▶ Action item: In your reply, repeat the full listing exactly and leave each picture out.

Top of Information shown

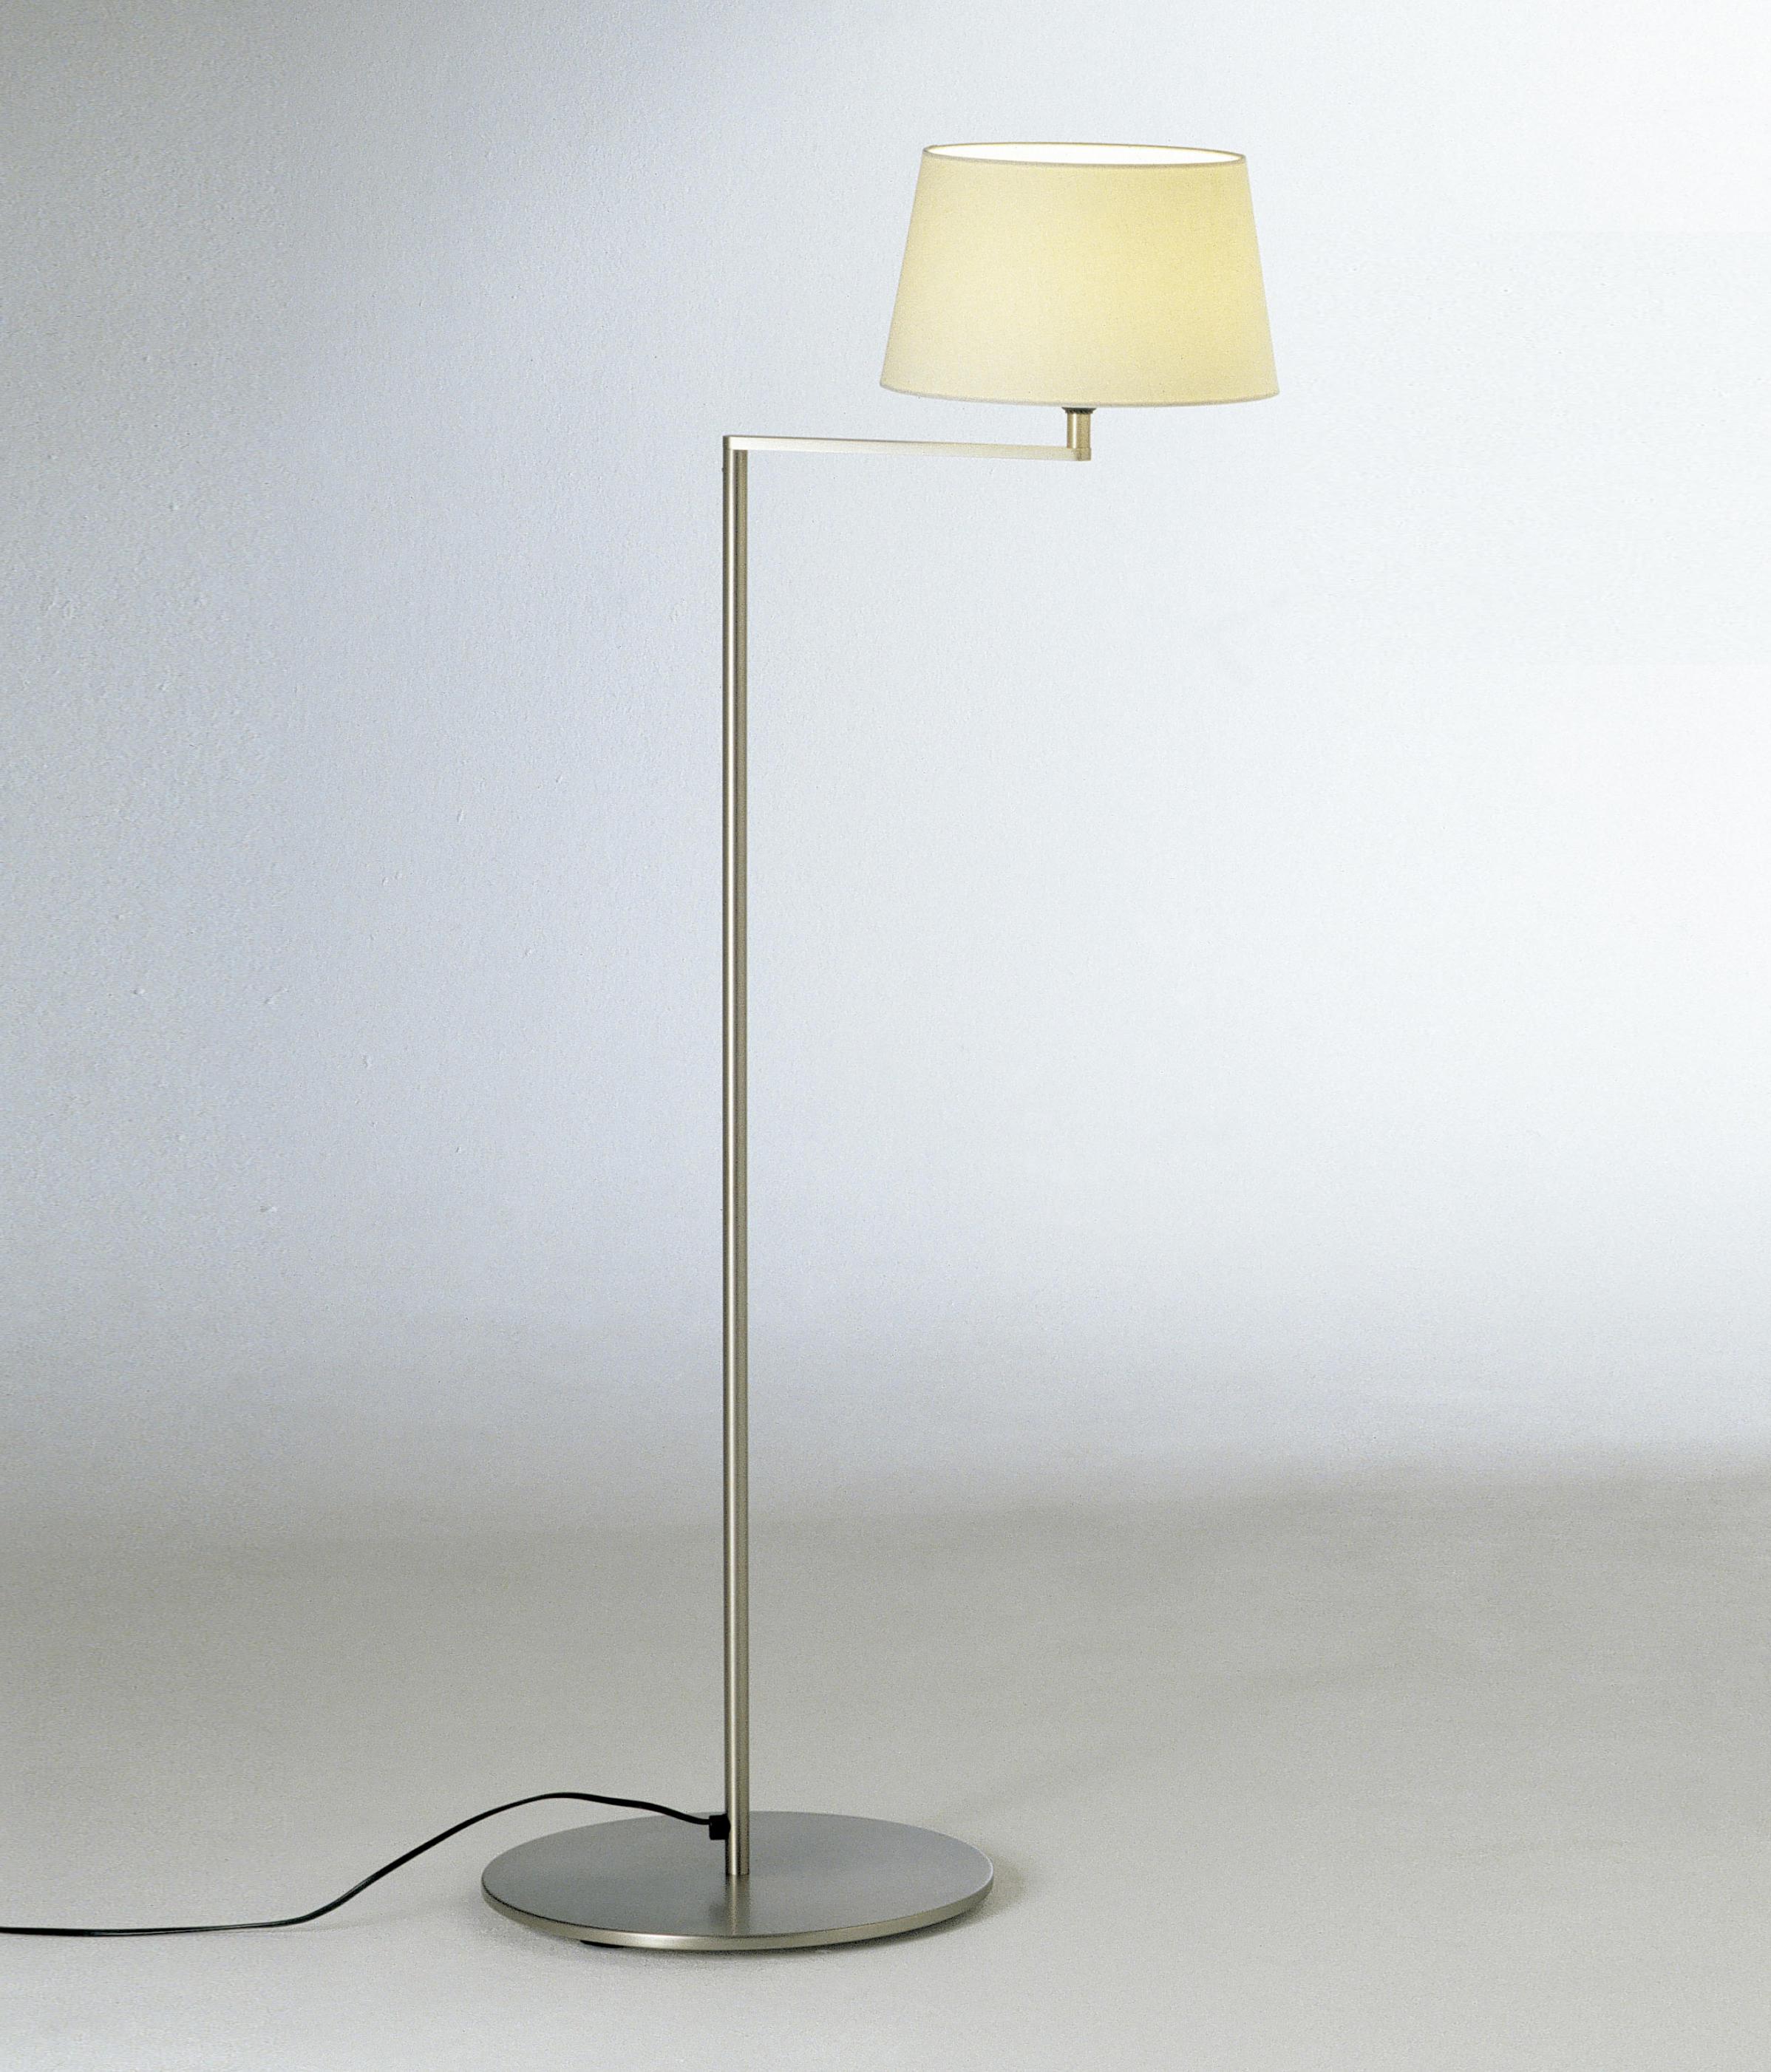 Americana floor lamp iluminaci n general de santa for Distribuidor roca barcelona
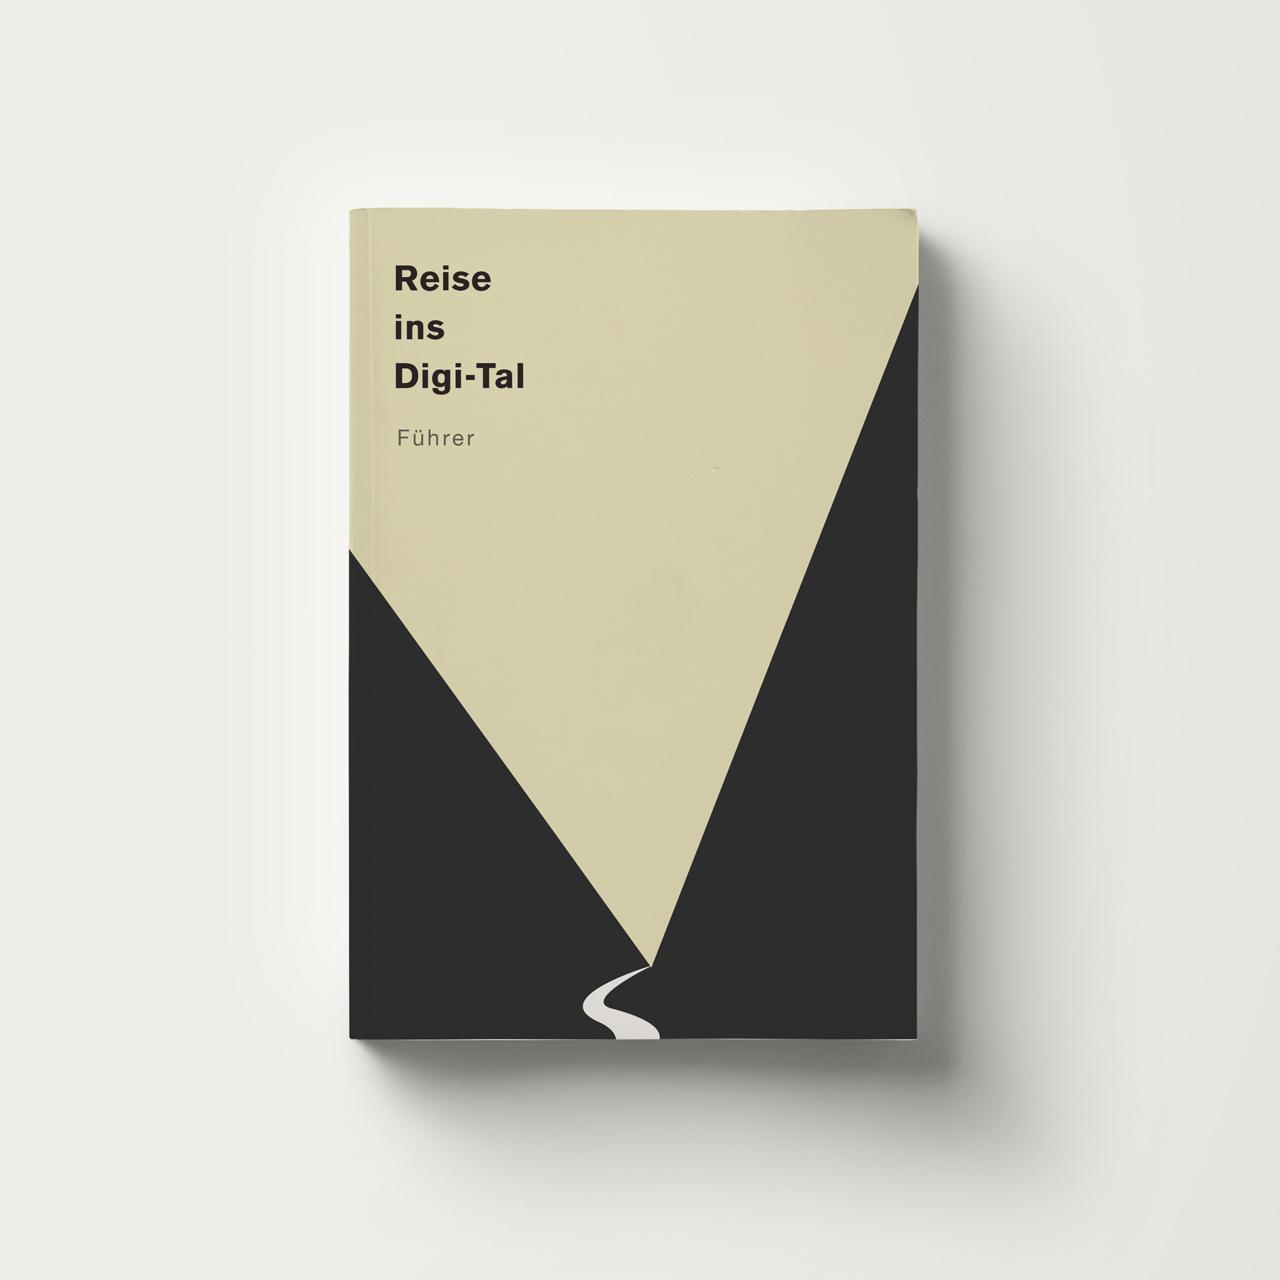 Grafik, Reise ins Digital, jbuechi.ch
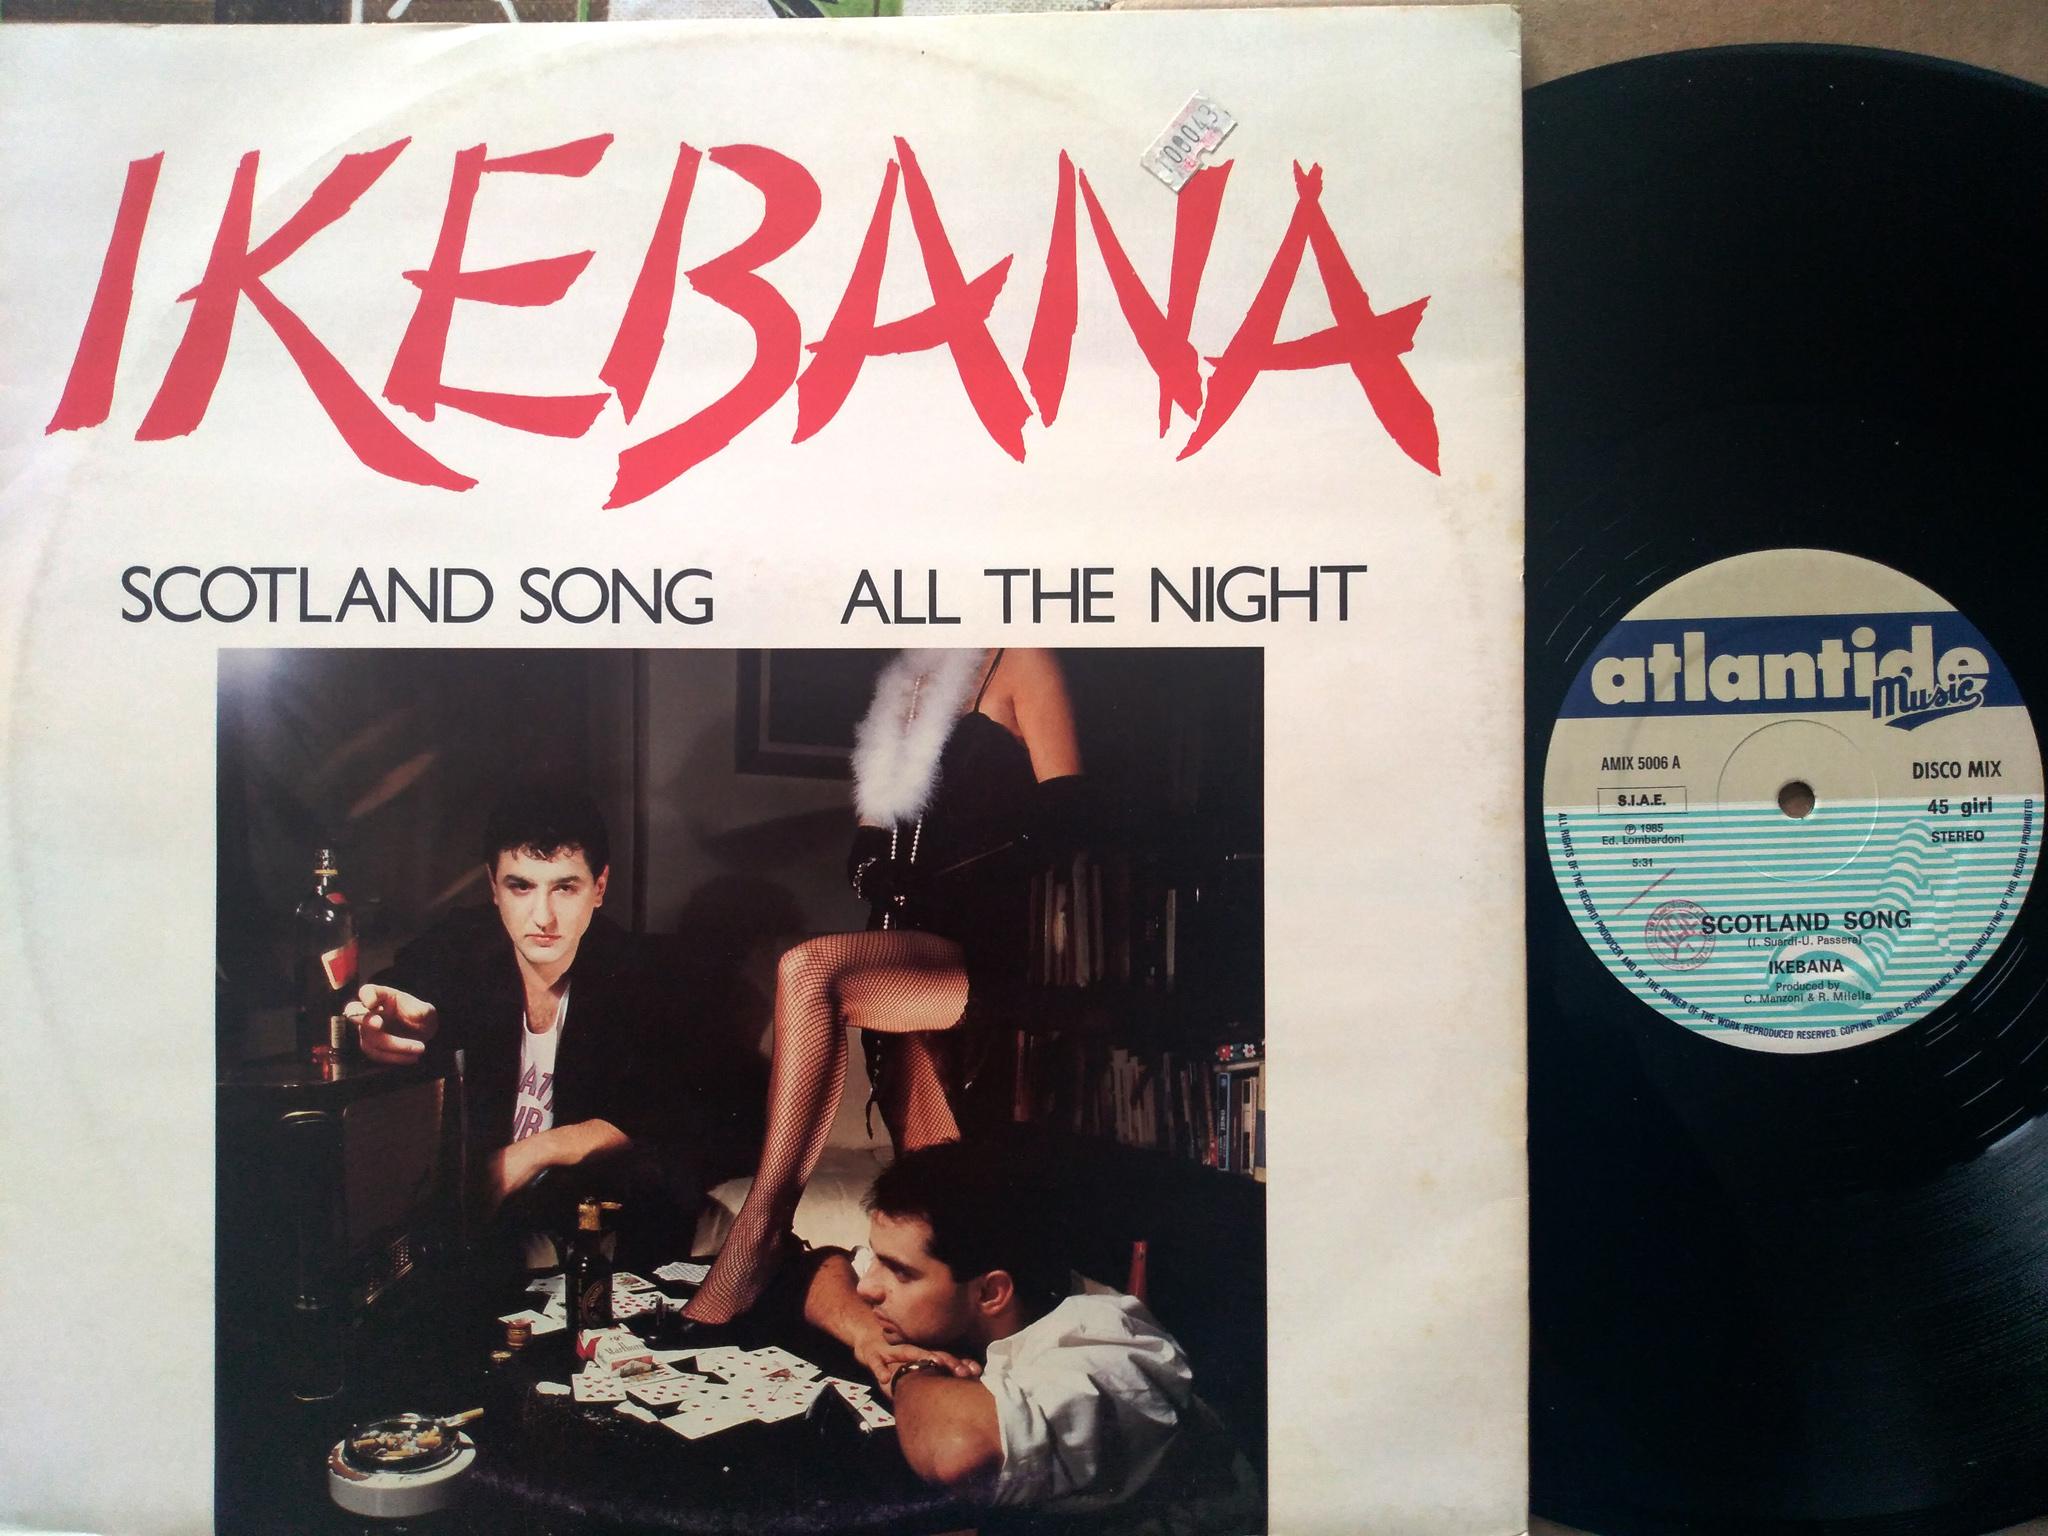 Ikebana - Scotland Song

Bottom of Information shown

▶ Completed exercise:
 Americana floor lamp iluminaci n general de santa for Distribuidor roca barcelona
 Grafik, Reise ins Digital, jbuechi.ch
 Ikebana - Scotland Song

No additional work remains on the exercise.